【Spark】Spark 并行查询 Greenplum

本文结构如下:

  • Spark SQL 几个属性介绍
  • Spark 并行查询
  • Spark 支持通过 JDBC 连接关系型数据库,连接方式如下:

    // Note: JDBC loading and saving can be achieved via either the load/save or jdbc methods
    // Loading data from a JDBC source
    val jdbcDF = spark.read
      .format("jdbc")
      .option("url", "jdbc:postgresql:dbserver")
      .option("dbtable", "schema.tablename")
      .option("user", "username")
      .option("password", "password")
      .load()
    val connectionProperties = new Properties()
    connectionProperties.put("user", "username")
    connectionProperties.put("password", "password")
    val jdbcDF2 = spark.read
      .jdbc("jdbc:postgresql:dbserver", "schema.tablename", connectionProperties)
    // Specifying the custom data types of the read schema
    connectionProperties.put("customSchema", "id DECIMAL(38, 0), name STRING")
    val jdbcDF3 = spark.read
      .jdbc("jdbc:postgresql:dbserver", "schema.tablename", connectionProperties)
    // Saving data to a JDBC source
    jdbcDF.write
      .format("jdbc")
      .option("url", "jdbc:postgresql:dbserver")
      .option("dbtable", "schema.tablename")
      .option("user", "username")
      .option("password", "password")
      .save()
    jdbcDF2.write
      .jdbc("jdbc:postgresql:dbserver", "schema.tablename", connectionProperties)
    // Specifying create table column data types on write
    jdbcDF.write
      .option("createTableColumnTypes", "name CHAR(64), comments VARCHAR(1024)")
      .jdbc("jdbc:postgresql:dbserver", "schema.tablename", connectionProperties)
    

    Spark 通过 JDBC 读取关系型数据库,默认查全表,只有一个 Task 去执行查询操作,大量数据情况下,效率是很慢的。

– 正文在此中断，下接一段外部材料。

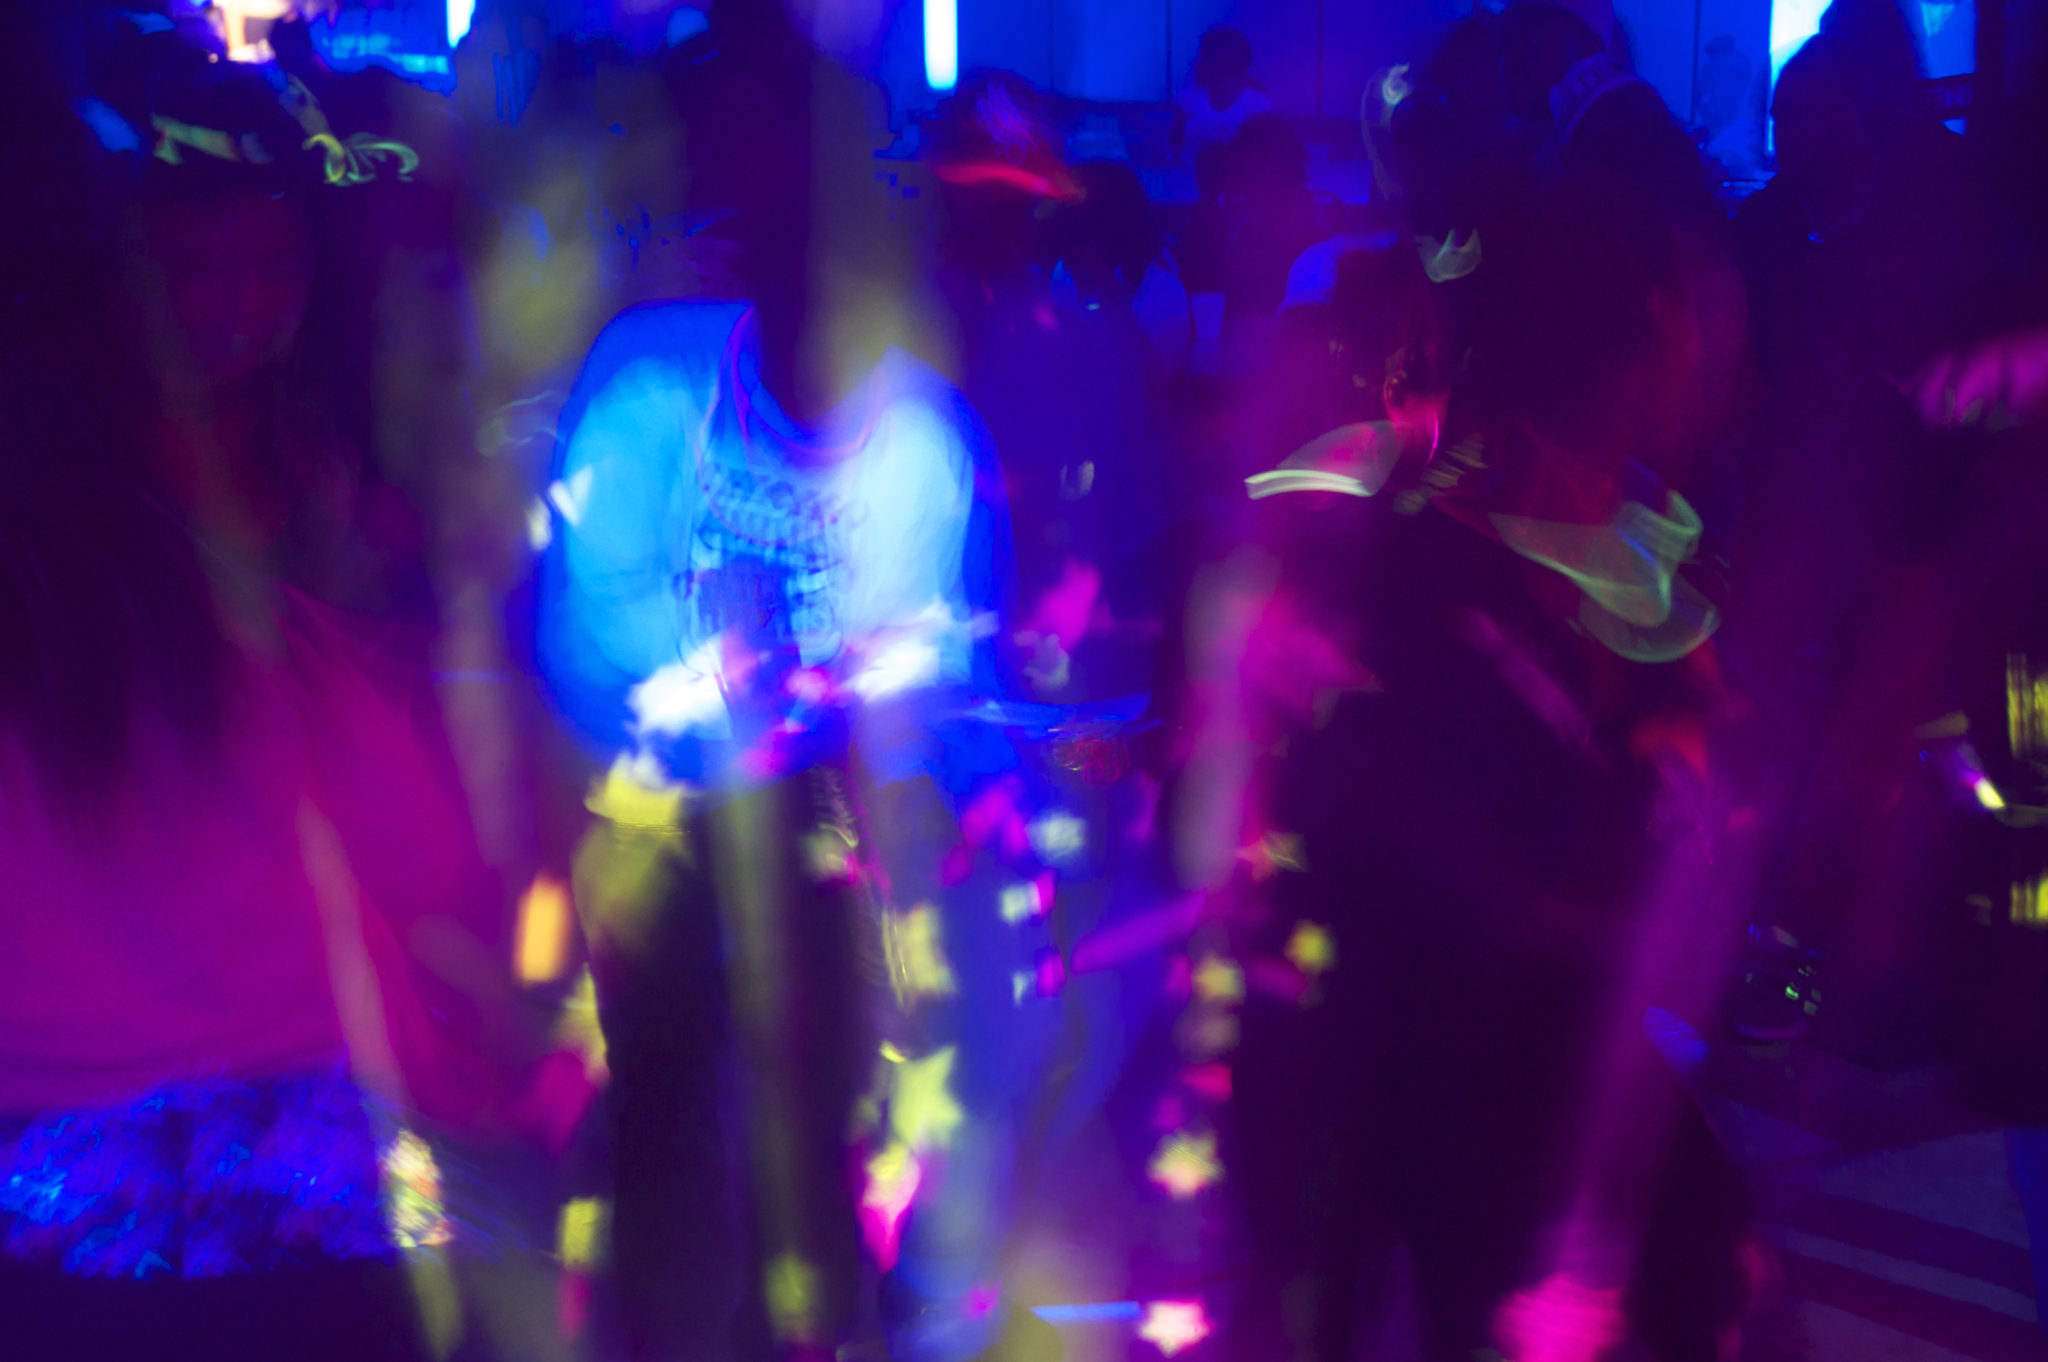 light dj blacklight events glow party extreme lighting black
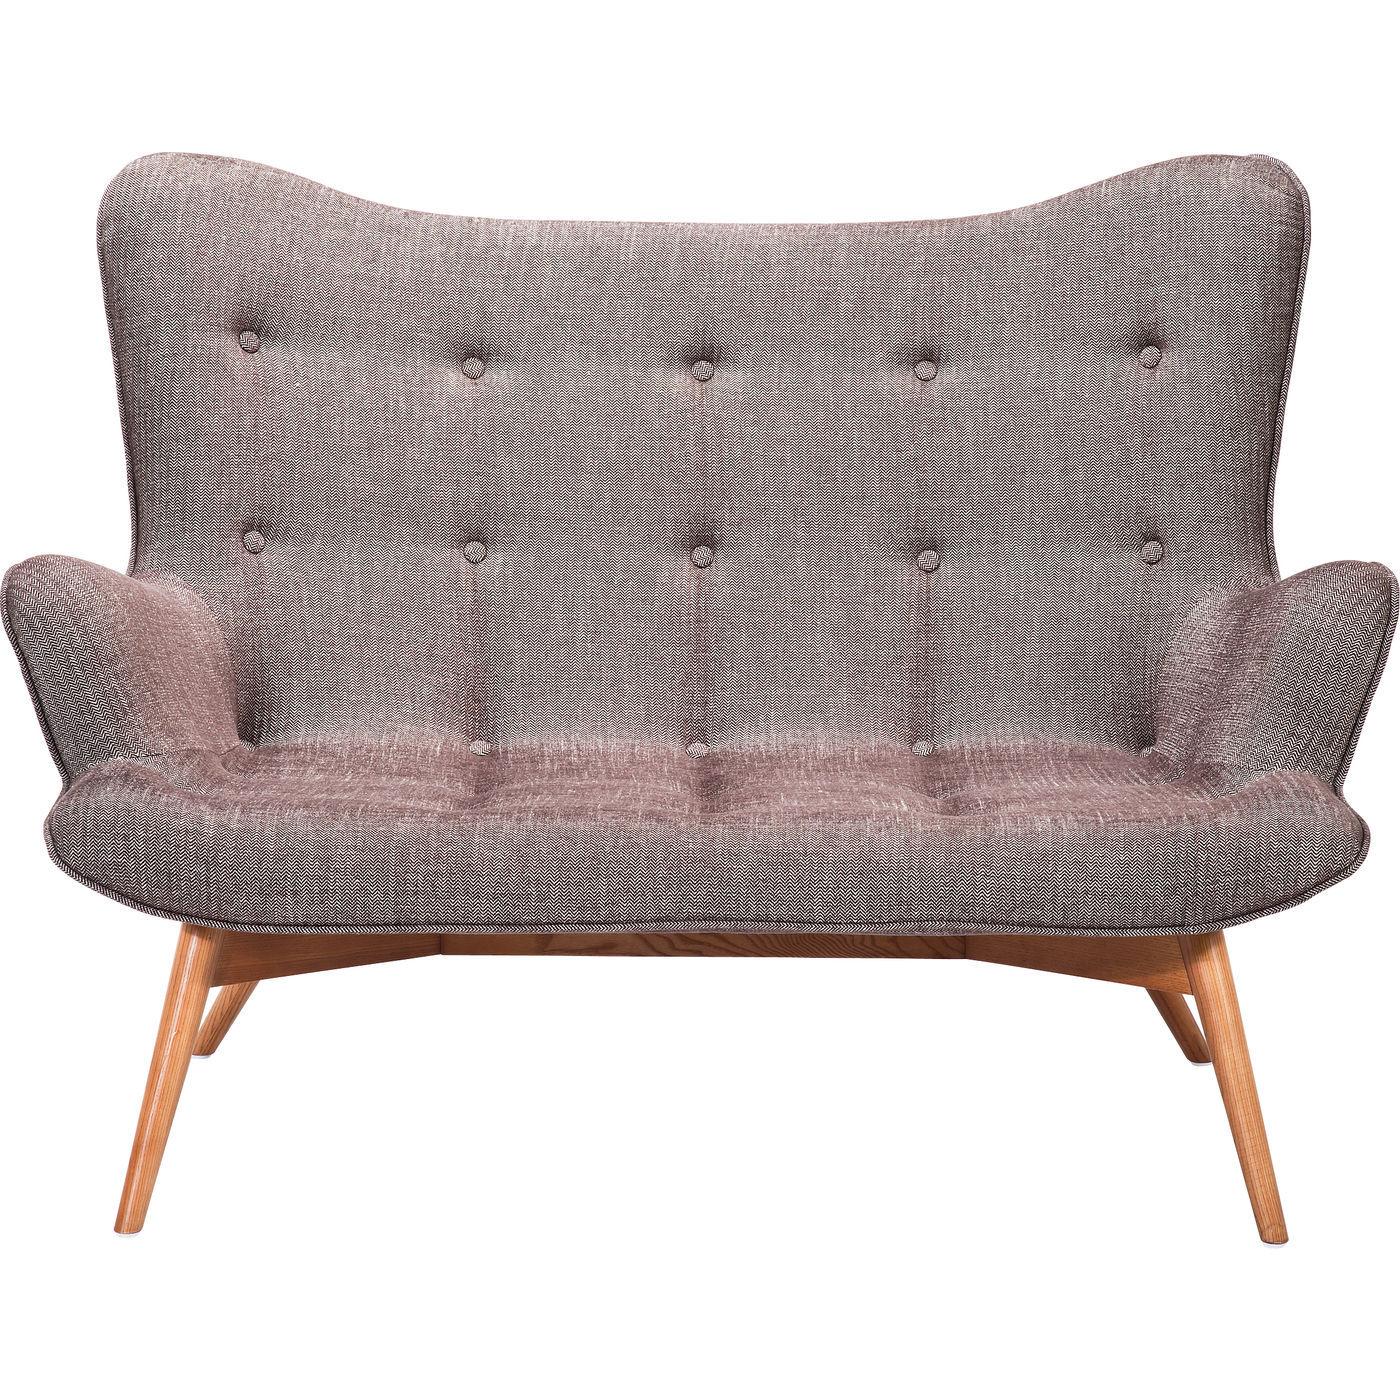 Kare design sofa, angels wings fra kare design fra boboonline.dk

    这时,可以通过构造多个 Task 并行连接 Greenplum 提升效率。

    二、Spark SQL 几个属性介绍

    如何构造多个 Task 来提升效率呢?首先想到的应该是 Spark SQL 本身的支持。

    查看官网 Spark SQL 资料,定位到 JDBC To Other Databases:

    在属性列表中找到了解决方法:

    Property Name Meaning dbtable The JDBC table that should be read. Note that anything that is valid in a FROM clause of a SQL query can be used. For example, instead of a full table you could also use a subquery in parentheses driver The class name of the JDBC driver to use to connect to this URL partitionColumn, lowerBound, upperBound These options must all be specified if any of them is specified. In addition, numPartitions must be specified. They describe how to partition the table when reading in parallel from multiple workers. partitionColumn must be a numeric column from the table in question. Notice that lowerBound and upperBound are just used to decide the partition stride, not for filtering the rows in table. So all rows in the table will be partitioned and returned. This option applies only to reading numPartitions The maximum number of partitions that can be used for parallelism in table reading and writing. This also determines the maximum number of concurrent JDBC connections. If the number of partitions to write exceeds this limit, we decrease it to this limit by calling coalesce(numPartitions) before writing

    更加详细参数参考:JDBC To Other Databases

    主要解释三个参数:

  • dbtable:表名,可以是真实存在的关系表,也可以是通过查询语句 AS 出来的表。其实只要是在 SQL 语句里,FROM 后面能跟的语句用在 dbtable 属性都合法,其原理就是拼接 SQL 语句,dbtable 会填在 FROM 后面。
  • numPartitions:读、写的最大分区数,也决定了开启数据库连接的数目。使用 numPartitions 有一点点限制, 如果指定了 numPartitions 大于1的值,但是没有指定分区规则,仍只有一个 task 去执行查询。
  • partitionColumn, lowerBound, upperBound:指定读数据时的分区规则。要使用这三个参数,必须定义 numPartitions,而且这三个参数不能单独出现,要用就必须全部指定。而且 lowerBound, upperBound 不是过滤条件,只是用于决定分区跨度。在分区的时候,会根据 numPartitions 将 lowerBound 和 upperBound 拆分成,然后并行去执行查询。
  • 三、Spark 并行查询

    在知悉了上述信息之后,就可以通过增加 Task 数量来提升访问关系型数据的效率,大致有以下两种方法:

    3.1、第一种:numPartitions,partitionColumn, lowerBound

    val spark = SparkSession
      .builder()
      .config("spark.sql.warehouse.dir", warehouseLocation)
      .appName("load data from gp test")
      .getOrCreate()
    // 开始时间
    val startTime = System.currentTimeMillis()
    val gpRDF = spark.read
      .format("jdbc")
      .option("driver", "com.pivotal.jdbc.GreenplumDriver")
      .option("url", "jdbc:pivotal:greenplum://192.168.11.72:5432;DatabaseName=testdb")
      .option("partitionColumn", "person_id")
      .option("lowerBound", lowerBound)
      .option("upperBound", upperBound)
      .option("numPartitions", numPartitions)
      .option("dbtable", "public.t_timing_face_person")
      .option("user", "gpadmin")
      .option("password", "gpadmin")
      .load()
    

    3.2、第二种:dbtable

    不用 numPartitions,partitionColumn, lowerBound, upperBound,可以通过 dbtable 构造子查询,并行执行多个查询得到多个结果 RDD,最后通过 reduce 合并成一个 RDD。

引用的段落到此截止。